Perhaps a career in the securities (or banking) industry is of interest. If so, here are some core principles to start your thinking in that direction. It is by no means an exhaustive list, but might be a good beginning point:


  1. Have discipline. The single most important attribute for success is a consistently applied strategy. Speculation is an effort, usually unsuccessful, to turn a little money into a lot. Investment is an effort, often successful, to prevent a lot of money from becoming a little;

  2. Bet on America. It’s the world’s largest economy, most innovative, most accounting transparent and most law-centric country. Many have bet against, for countless reasons, and they’ve been wrong;

  3. Dividends (and investment interest). There are significant data over long periods of time showing companies that consistently return capital to shareholders are more often the best managed. Such corporate leadership has to be highly effective capital allocators within their businesses. Moreover, there are more than fifty (50) well-known companies that have a twenty-five (25) year or more history of annually increasing their dividend payouts (“Dividend Aristocrats”).
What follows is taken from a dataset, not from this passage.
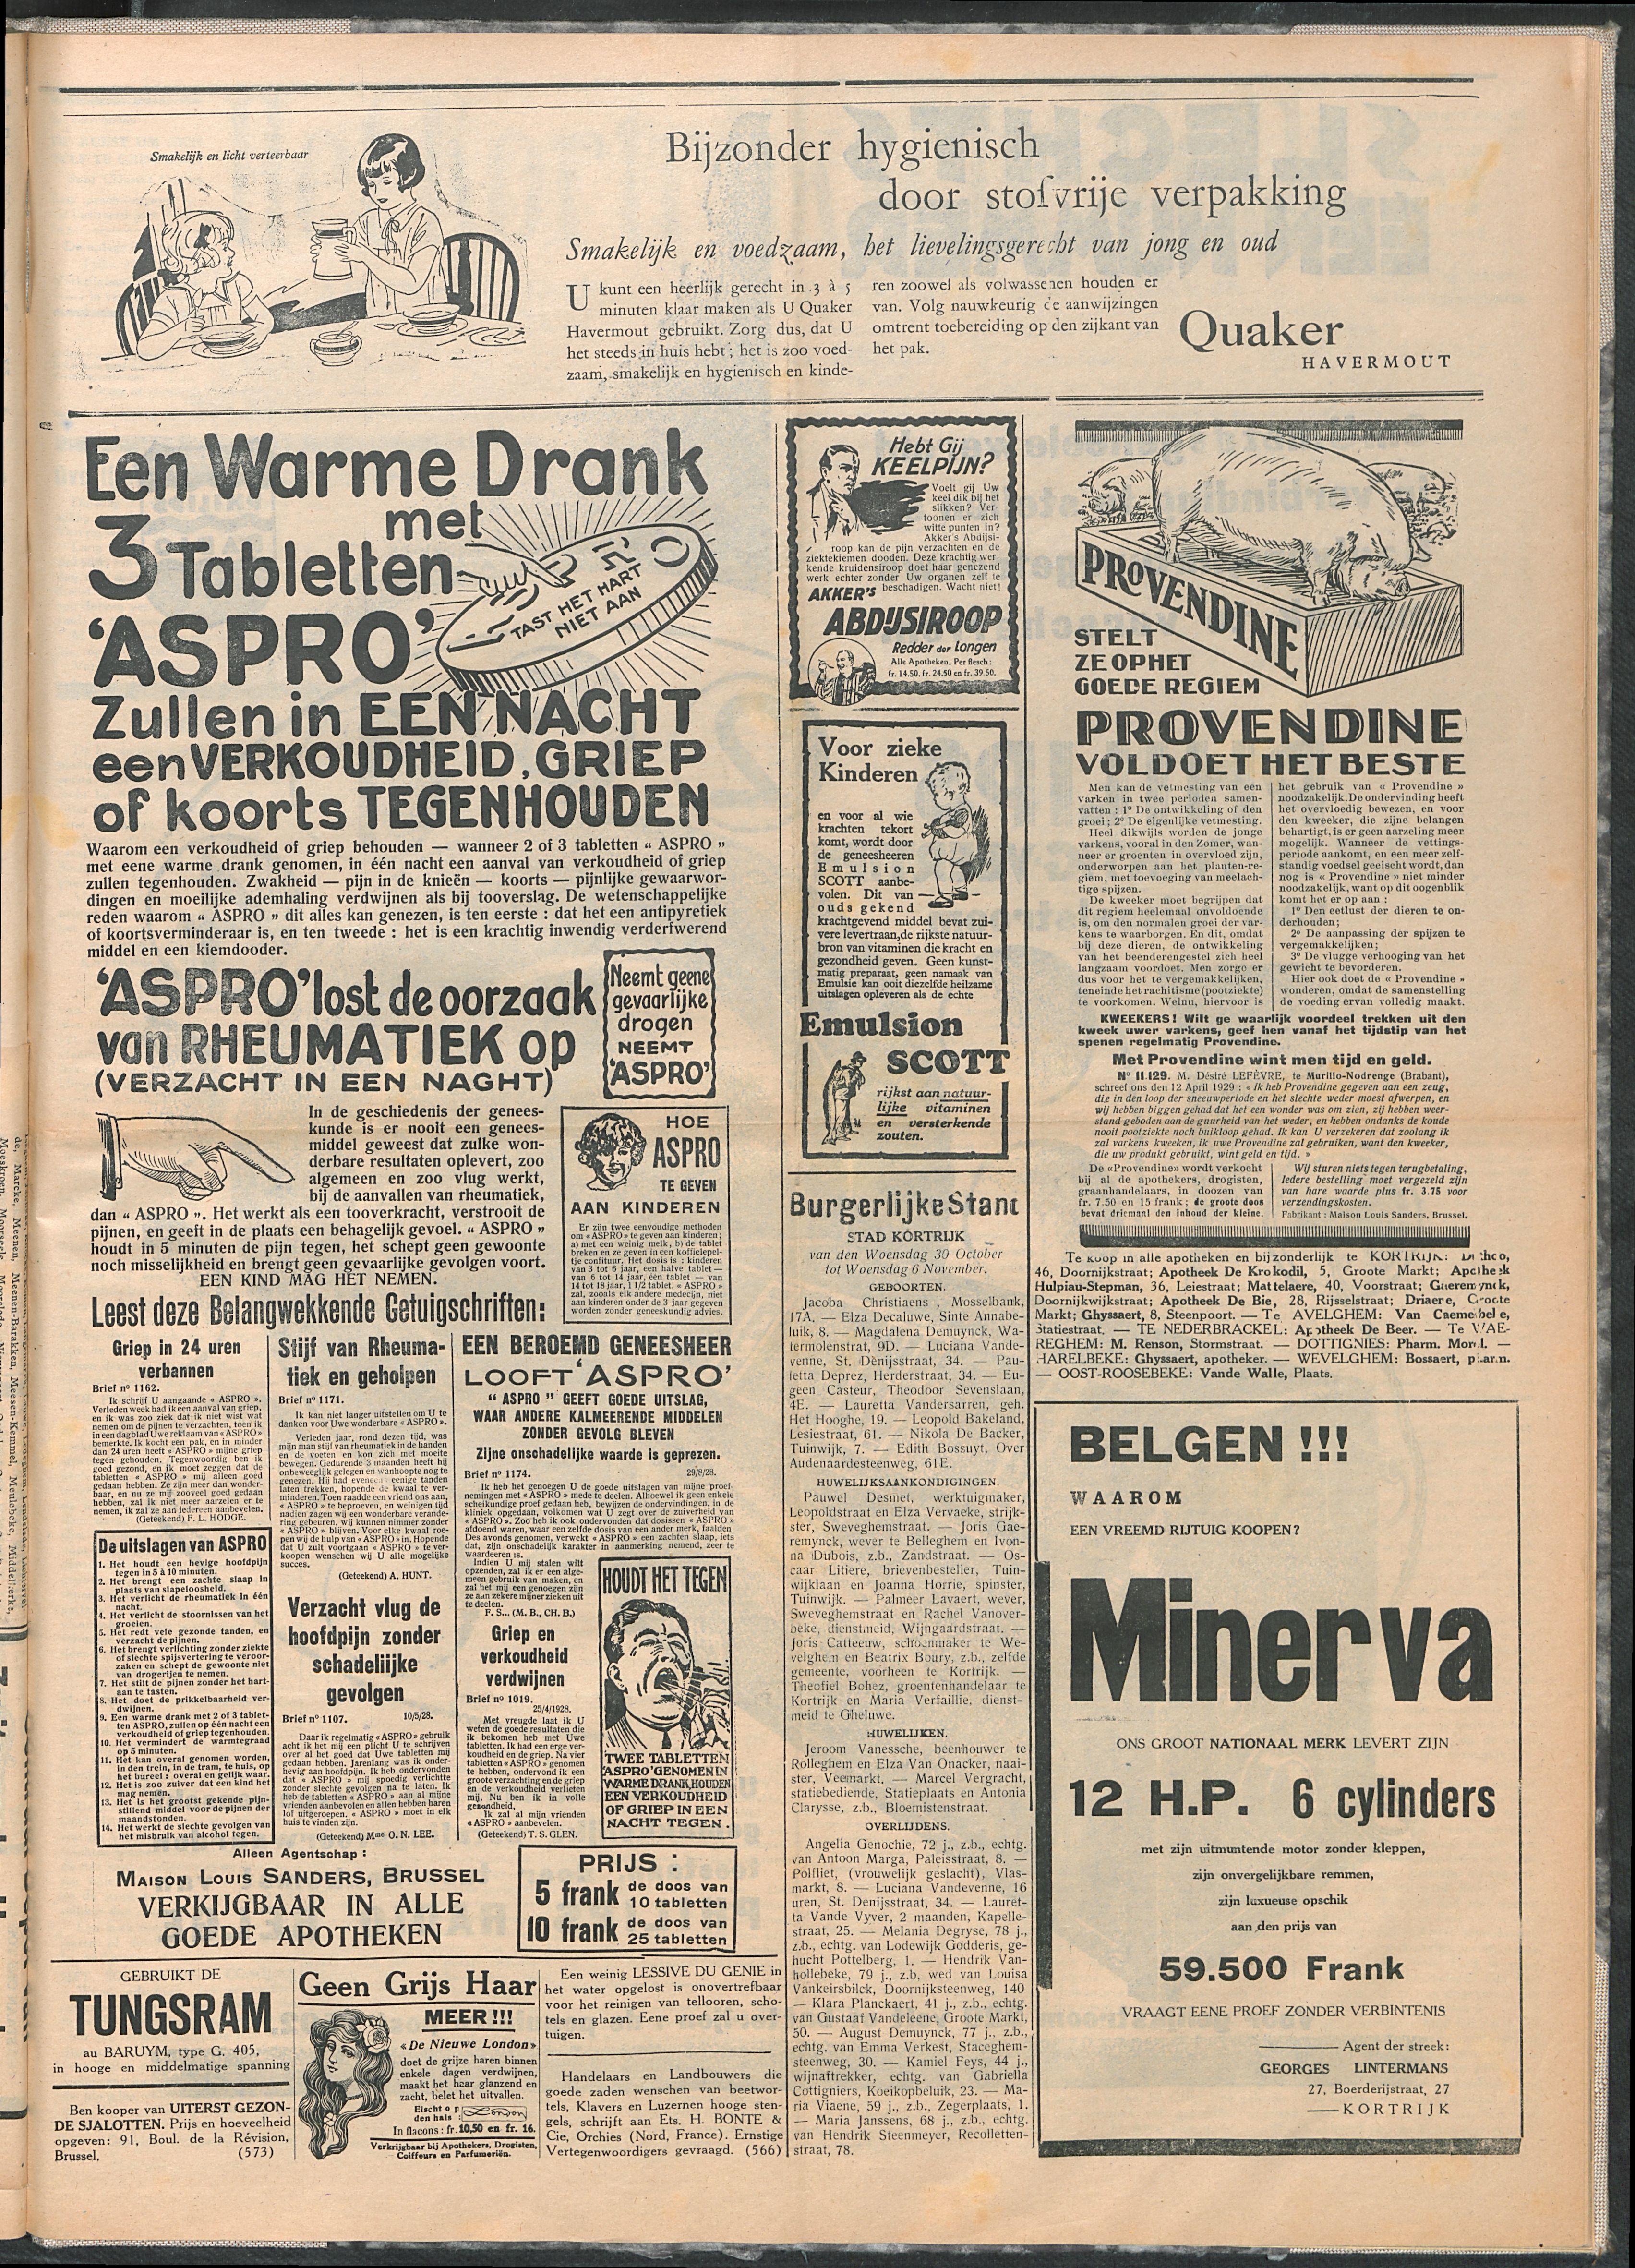 Het Kortrijksche Volk 1929-11-10 p6

More are on a purposeful path to reach “aristocrat” status. These provide a near-certain annual income increase;

  4. Consider the balance sheet. Successful companies that are light on debt have the latitude to weather most any storm. Time works in these companies’ interests, as capital is allocated into long-term business strategies;

  5. Compounding works; “the eighth wonder of the world.” Time is a significant advantage when methodically engaging in compounding of income (all forms);

  6. Diversification. It’s a big, yet sometimes risky, world. Gain international exposure with U.S. companies that do measurable international business too, and have dedicated teams to effectively manage sales and currency exposures. Moreover, always stay diligent to see investment concentrations;

  7. Ignore noise. Whether from Wall Street, investment strategists, politicians, financial media, so-called experts and/or technicians, etc., stay wholly dedicated to one’s investment approach. Moreover, have a healthy skepticism; especially with the salesman;

  8. Price and liquidity. Buying “on-sale” is foundational. Understand value, a quality security and liquidity, while having an intentional bias towards “margin-of-safety” rather than expensive. Moreover, if it’s complex, it’s likely misunderstood, has liquidity challenges, especially in times of stress, when it’s usually most needed, and is too expensive. The salesman often favors illiquid investments, but it requires a never-ending vigilance in seeking accurate valuations;

  9. Determine taxes and fees. Math matters; know what one keeps;

  10. Risk/reward. Never chase a tip, a rumor, or anything that appears too good to be true. Every investment should be analyzed in relation to U.S. Treasury rates. One should also comprehend the likely direction of interest rates. Risk often comes from not knowing what you're doing, but thinking that you do.